Lately, I've been seeing a lot of news about jockeys:
- Thoroughbred Times recently highlighted Mike Smith's return to New York
- a Daily Racing Form article on Mark Guidry graced the homepage of the NTRA
- Bug Boys' favorite, Rosie Napravnik won 5 races Thursday at Pimlico.
May 12, 1936--Jockey Ralph Neves was involved in a racing accident at Bay Meadows Race Course and erroneously pronounced dead. He was later revived at the morgue and he returned to the racetrack the same day. He was ordered to sit out the remainder of the racing card and so missed only a half-day of work because of his "death."These "Hoofprints" entries (borrowed from NTRA, I think) are always short and sweet, and they often pique my curiosity, leading me to embark on odd little information excavations (not to be confused with NSA data mining operations.)
As Neves, aka "The Portuguese Pepperpot", raced for nearly 3 more decades after his 'resurrection', winning more than 3,000 races, and was inducted into the Hall of Fame in 1960, it's not surprising that I was able to locate more details about this race.
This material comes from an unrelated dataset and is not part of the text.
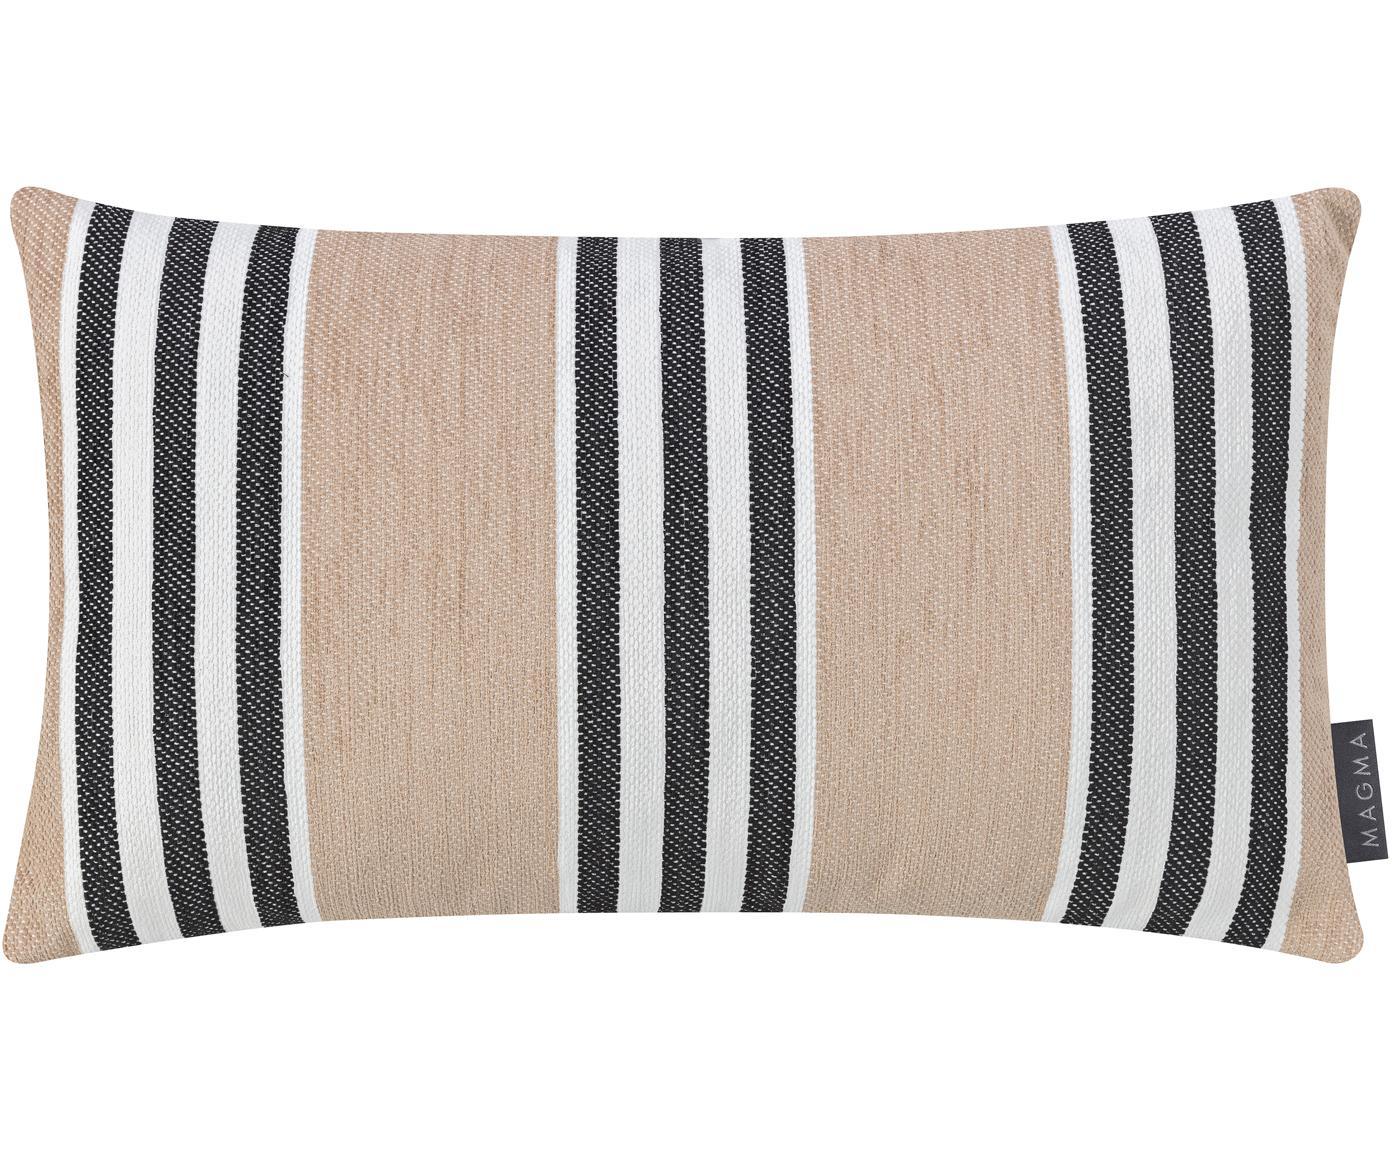 Funda de cojín Palermo, Color arena, blanco, negro, An 30 x L 50 cm

It's also not surprising that a search of the stacks in my library turned up nothing about Neves -- our collection of racing materials is woeful. However, a search of the Web revealed that the date of this extraordinary event was probably May 8, 1936. The story is fairly well-documented at:
- News of the Odd, which includes links to additional sources
- Snopes.com, where one of the citations is the May 9, 1936 edition of the San Francisco Chronicle
- Washington Racing Hall of Fame, which is the source of this version of the tale:
On May 8, 1936, Neves was riding Fannikins in a race at Bay Meadows. At the time, he was in a tight race for the riding title with Johnny Longden, Jackie Westrope and John Adams. At stake was $500 and a gold watch that Bing Crosby had promised to present to the leading rider at the meeting.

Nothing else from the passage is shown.